Reputation: 39
I have shell script for split xml files. but have one million xml files in Customer environment。the script running slow。could run Multithreading mode ?
Thanks!
my shell script:
#!/bin/sh
File=/home/spark/PktLog
count=0
startLine=(`sed -n -e '/?xml version="1.0" encoding/=' $File`)
fileEnd=`sed -n '$=' $File`
endLine=(`echo ${startLine[*]} | awk -v a=$fileEnd '{for(i=2;i<=NF;i++) printf("%d ",$i-1);print a}'`)
let maxIndex=${#startLine[@]}-1
for n in `seq 0 $maxIndex`
do
sed -n "${startLine[$n]},${endLine[$n]}p" $File >result_${n}.xml
done
echo $startLine[@]`enter code here`
Upvotes: 0
Views: 30
Reputation: 123680
Your method is very slow because it reads the input file many times.
Instead of trying to make it faster with multithreading, you should rewrite the script to only read the input file one time.

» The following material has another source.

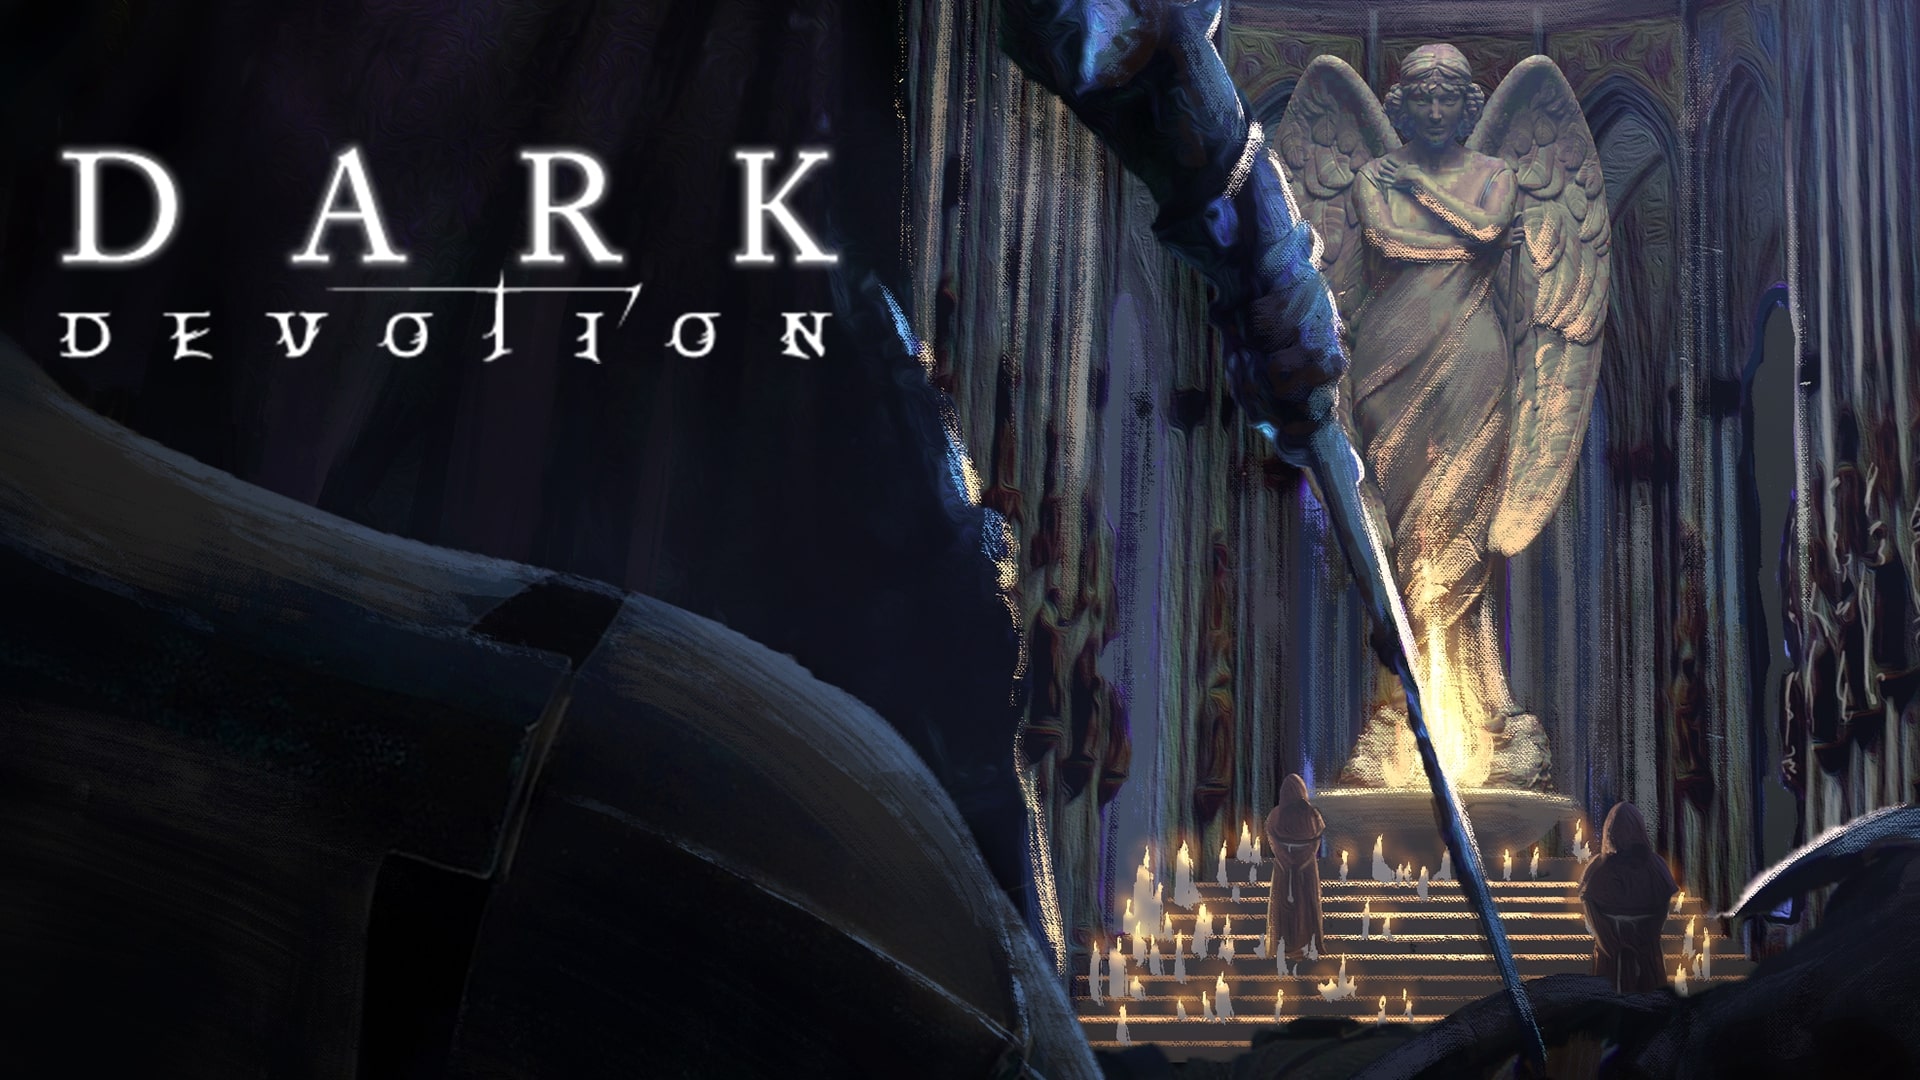 Dark devotion repousse sa sortie à 2019 et publie un making of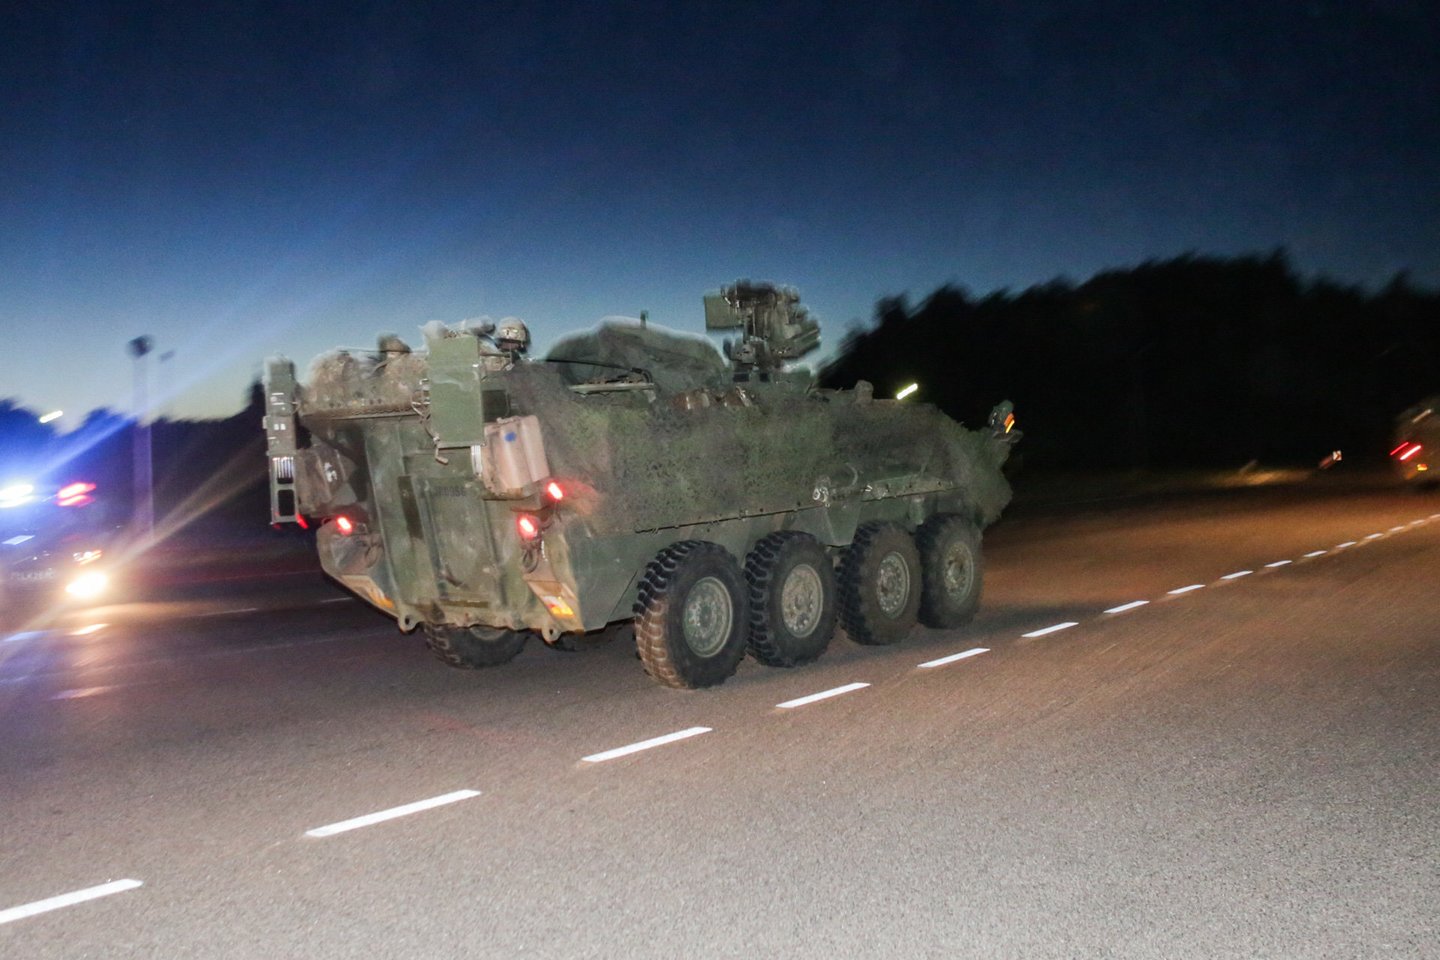 NATO sąjungininkų karinė technika į Lietuvos teritoriją įvažiavo naktį. <br> G. Bitvinsko nuotr.

Here is an example input file:
$ cat testfile
<?xml version="1.0" encoding="UTF-8"?>
<test>
<some data />
</test>
<?xml version="1.0" encoding="UTF-8"?>
<test>
<more />
<data />
</test>
<?xml version="1.0" encoding="UTF-8"?>
<test>
<more type="data" />
</test>
Here is an awk
command that reads the file one time, and writes each document to a separate file:
$ awk 'BEGIN { file="/dev/null"; n=0; }
/xml version="1.0" encoding/ {
close(file);
file="file" ++n ".xml";
}
{print > file;}' testfile
Here is the result:
$ cat file1.xml
<?xml version="1.0" encoding="UTF-8"?>
<test>
<some data />
</test>
$ cat file2.xml
<?xml version="1.0" encoding="UTF-8"?>
<test>
<more />
<data />
</test>
This is much faster:
$ grep -c 'xml version' PktLog
3000
$ time ./yourscript
real 0m9.791s
user 0m6.849s
sys 0m2.660s
$ time ./thisscript
real 0m0.248s
user 0m0.130s
sys 0m0.107s
Upvotes: 1